On a Planet, Far, Far Away

You might have noticed that the movie “Avatar” is about to get a sequel “Avatar: The Way of Water”. Avatar is one of my old-time favorite movies. I loved the way the cinematography captured the weirdly beautiful alien landscapes. And of course, it has some nice storytelling also.

The inhabitants of Pandora, the planet where Avatar is set spoke good enough English that all we monolingual Americans could understand them. But James Cameron, the director, wanted more verisimilitude so has the Pandorans speaking their own language, Na’vi. In fact he headed up the effort to create a new language that since then has only developed and grown, with its own grammar and an extensive vocabulary.

You’d think that with all that AI out there we would have long ago deciphered all the long since dead and extinct languages out there. Sure, we understand hieroglyphics, but we don’t understand the vast majority of languages that ever existed, even when we can actually see them in written form, whatever that might be. But no, even though they are of human origin, we don’t understand almost any of them.

Animals Just Choose Their Words Carefully?

It’s worse than that, actually. How about understanding how animals communicate and what their communications actually mean? There’s a late new push to dig into what animals are actually saying and what these things mean. There are scientists working out how mole rates communicate and now there are even others trying to work out how whales and dolphins chitchat.

But in truth we have no idea what the vast majority of animal “languages” mean, not even dogs and cats, who actually live with us. How about spiders, crustaceans, octopuses and so on, the yukky animals? Yet thy are part of our ecosystem and their communications would no doubt be fascinating, even earth-shattering if we really knew what was going on.

Of course, most people wouldn’t think there was much value in understanding what spiders are saying.
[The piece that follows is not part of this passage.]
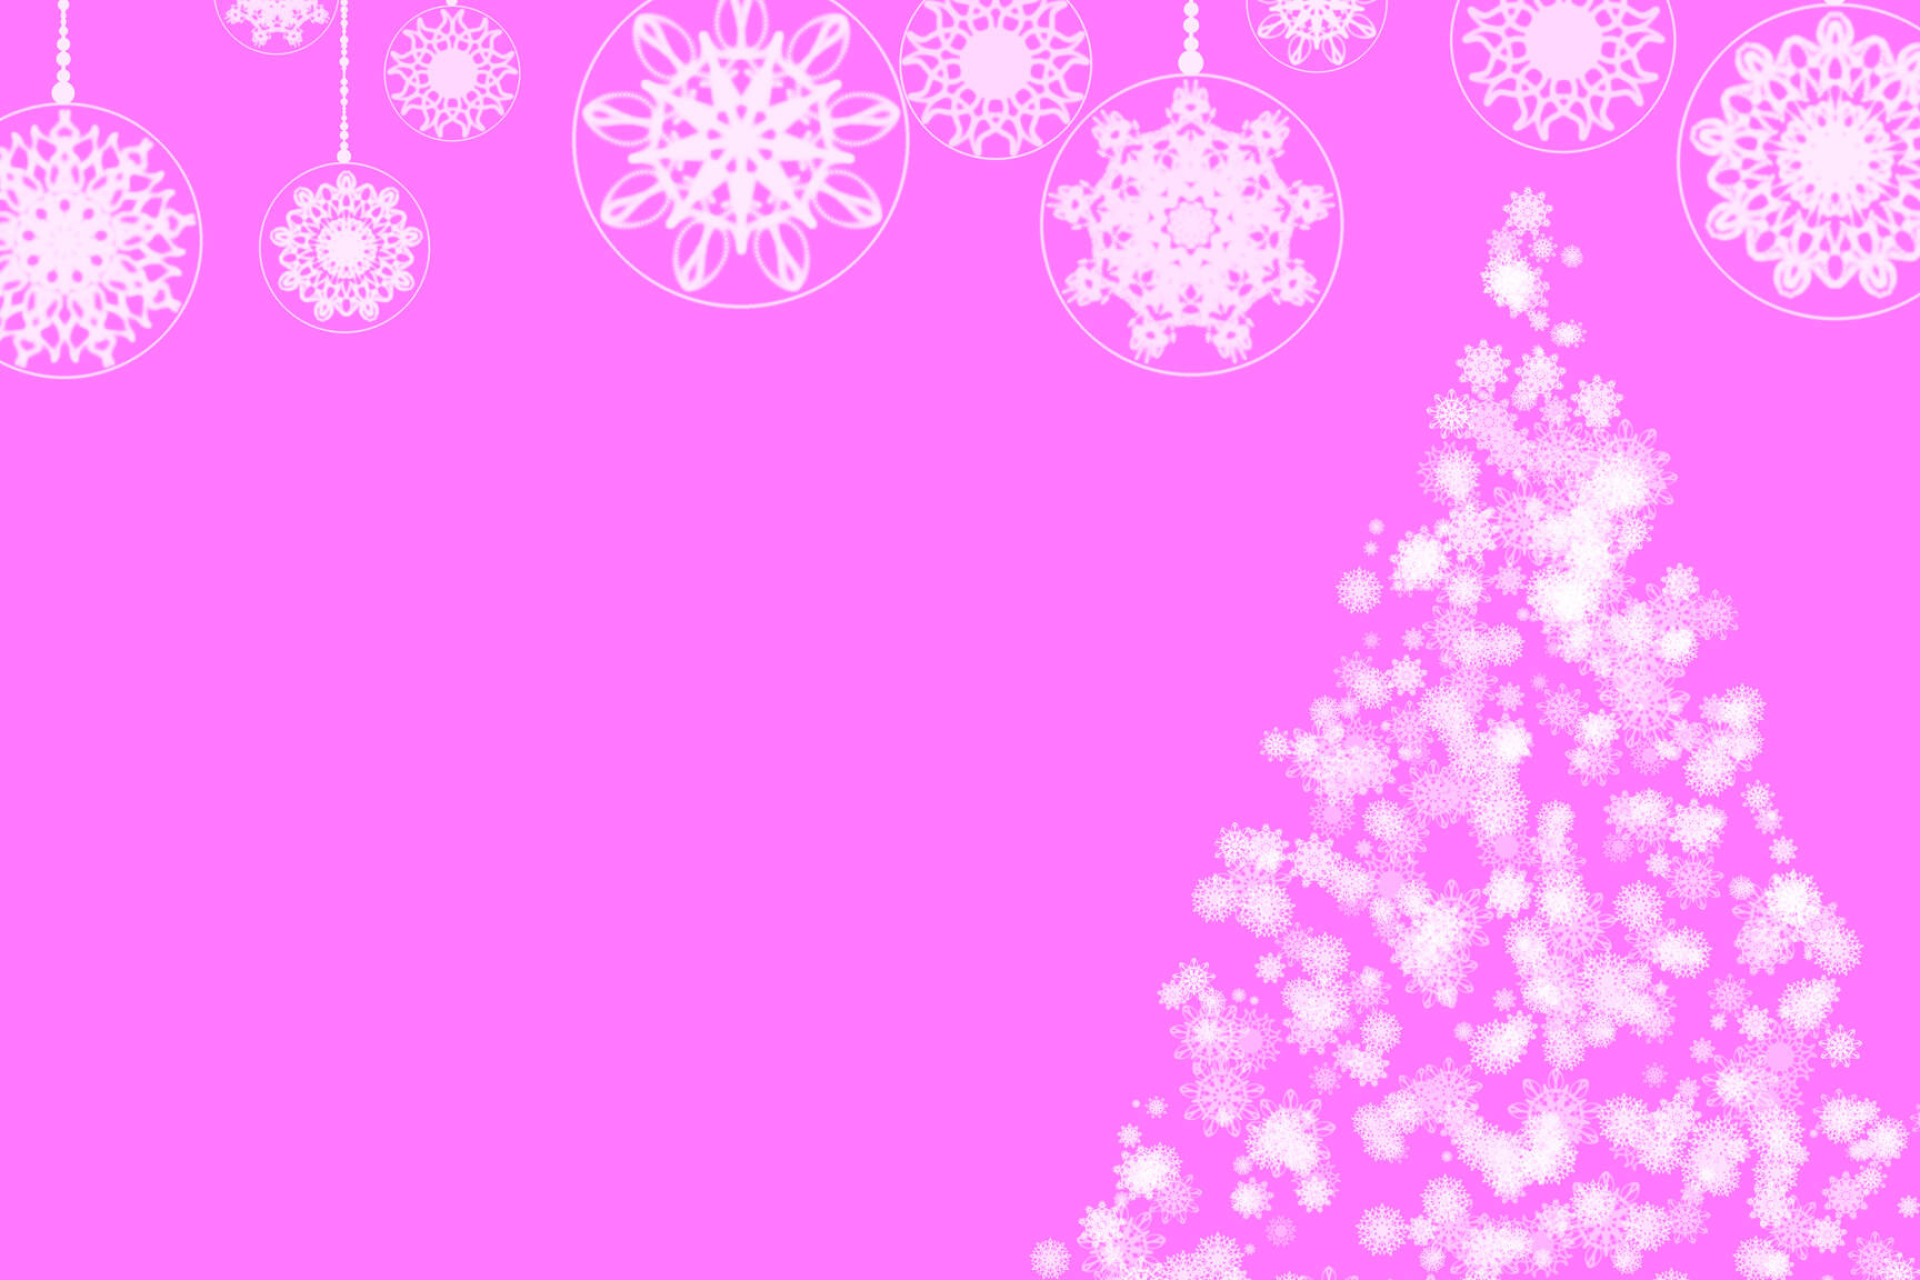 1920x1280 Christmas wallpapers image pink christmas and new year images clipart &acirc;&#132;&#150; 40685 | ~ free pics on cc-by license

But what if the totality of the animal species on Earth is actually a representation of how languages generally develop in non-human and even non-terrestrial species, even if its only a small part of the totality of all languages in any life form, terrestrial or otherwise?

In that perspective if we want to learn how alien species communicate, we should probably start with animals since they are the aliens we already have on tap. And what has evolved amongst them probably is one pathway by which languages generally develop, no matter what or where their locale.

Not a day passes but the media (not to mention yours truly – see “Are those missing aliens lurking in the hidden dimensions of string theory?” ) don’t talk about UFOs, aliens, star systems, exoplanets and the like. One of these days the aliens are going to turn up in some form, digital if not in the, er, flesh. What will we do then? Use Na’vi or Klingon? What if the future of humanity or the Earth is at stake. There is, as it turns, out a discipline of exolinguistics, but good luck trying to find out where it’s taught.

The Primal Scream?

Is there a primal grammar in the communication of any being whether it be terrestrial or extraterrestrial? That primal grammar represents the primal scream which is the universal expression of any being anywhere that wants to communicate?

A scream that is based on leveraging the information contained in energy flows between environment and animal, which includes food, temperature, electromagnetic input and output and so on. Stuff that comes way before emotions, love, culture and even art.

If so it would be universal in the universe. It would exist in beings from anywhere not just our pedestrian little Earth. If so would that primal grammar in fact be consciousness based on the energy flows between alien being and environment?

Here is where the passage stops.